Merzbacher, Gottfried, Indexeintrag: Deutsche Biographie, https://www.deutsche-biographie.de/pnd116913258.html [28.03.2024].

CC0

  • Genealogie

    V Max (* 1807), Pelzhändler aus B., S d. Isaac u. d. Reiz N. N.;
    M Jette, T d. Feifel Rauh; ledig.

  • Biographie

    Nach dem Besuch der Realschule in Erlangen mußte M. auf ein wissenschaftliches Studium verzichten und den Berufeines Kürschners ergreifen. In Paris, London und St. Petersburg zum Kaufmann ausgebildet, gründete er 1868 in München ein Pelzwarengeschäft, das er bis 1888 leitete und das ihm materielle Unabhängigkeit gewährte. In der Freizeit bildete sich der Autodidakt naturwissenschaftlich fort, gleichzeitig trainierte er beim Bergsteigen seine körperliche Leistungsfähigkeit.

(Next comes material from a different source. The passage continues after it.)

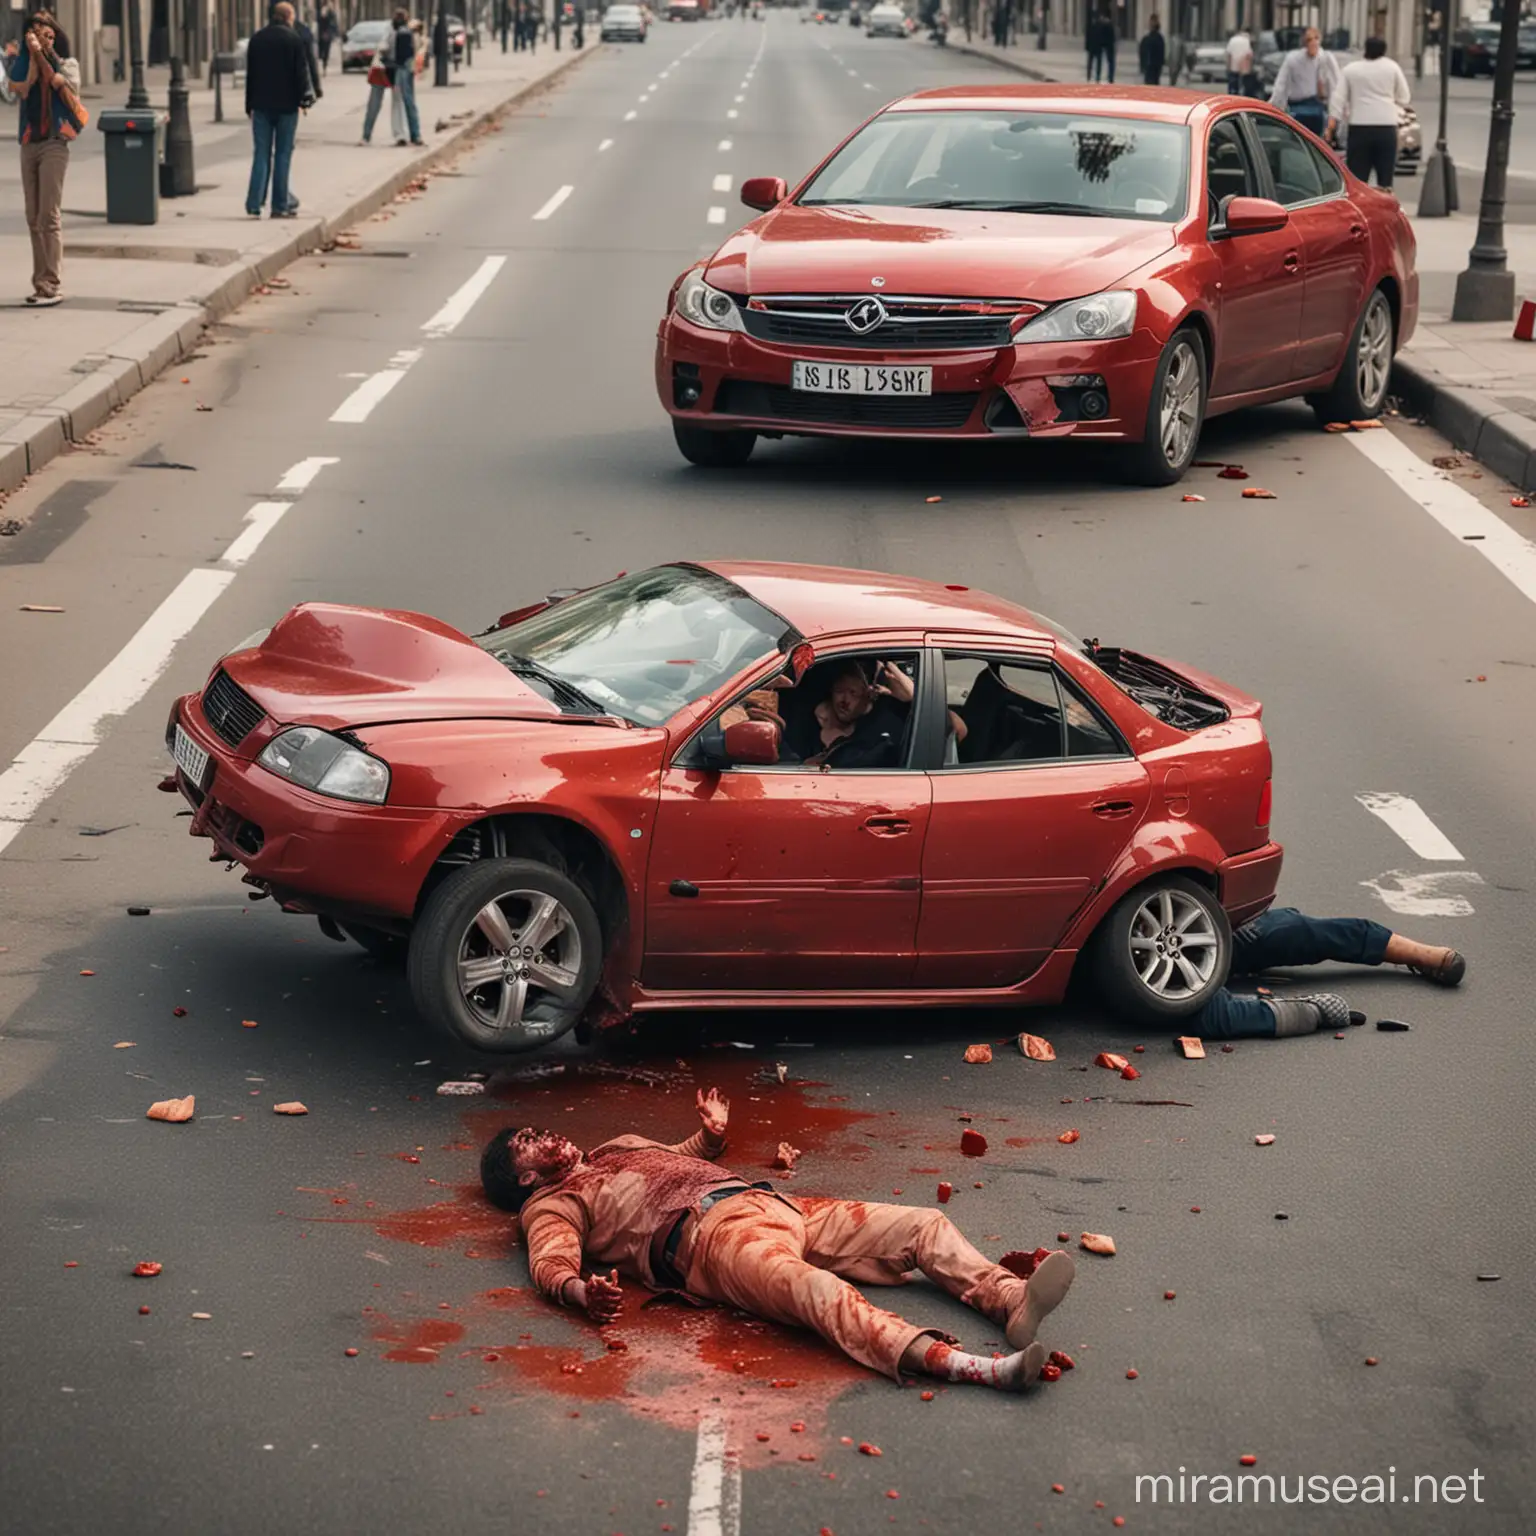 loo pilt, millel on kujutatud rasket autoavariid. lisa õnnetusse inimene, kes lamab verisena tänaval.

    Als Alpinist war M. 1877-87 an der Erschließung der Marmolatagruppe, des Rosengartens, der Agordiner Dolomiten und des Kaisergebirges beteiligt. Ihm gelangen über zwei Dutzend Erstbesteigungen, als berühmteste die des Totenkirchls im Wilden Kaiser. In weiteren Berggruppen der Ostalpen fand der ausschließlich mit Bergführern gehende M. neue Anstiege. Seine Berichte über diese Bergfahrten zeichnen sich durch Gründlichkeit und präzisen Stil aus. Durch (damals) schwere Eis- und Felsfahrten in den Westalpen bereitete sich M. auf Expeditionen in außeralpinen Hochgebirgen vor. 1891 unternahm er mit zwei Tiroler Führern eine erste, vornehmlich hochtouristische Kaukasus-Expedition, bei der zwar die Besteigung des Uschba mißlang, jedoch sechs andere Hochgipfel erreicht werden konnten. Eine zweite Kaukasusfahrt führte ihn 1892 auf fast alle beherrschenden Spitzen des östlichen Kaukasus. Der 1901 erschienene Expeditionsbericht „Aus den Hochregionen des Kaukasus“ enthält auf fast 1900 Druckseiten neben Besteigungserlebnissen und Reiseschilderungen auch geographische Beobachtungen und Überlegungen. Mit diesem Werk leitete M. die Tradition der deutschen außeralpinen Hochgebirgsforschung ein. Beide Kaukasusunternehmen zeigten M., daß es einem einzelnen Bergsteiger kaum möglich ist, wissenschaftliche Beobachtungen mit bergsteigerischen Erfolgen zu verbinden. Nach einem Erkundungsversuch 1891/92 im Tien Schan widmete er sich künftig ausschließlich wissenschaftlichen Forschungsreisen. Auf eine Fahrt zum Karakorum 1893/94 folgten 1902/03 und 1907/08 die beiden grundlegenden Hochgebirgsexpeditionen in den bis dahin noch fast unerforschten zentralen und östlichen Tien Schan. Die Resultate dieser gemeinsam mit Geologen und Topographen durchgeführten Unternehmen wurden in umfangreichen Veröffentlichungen publiziert, ein groß angelegtes Kartenwerk postum herausgegeben. Diese „von glühender alpiner Begeisterung getragenen Expeditionen haben M.s Ruf als hervorragenden Forschungsreisenden und als besten deutschen Kenners Zentralasiens hauptsächlich begründet.“ (Distel).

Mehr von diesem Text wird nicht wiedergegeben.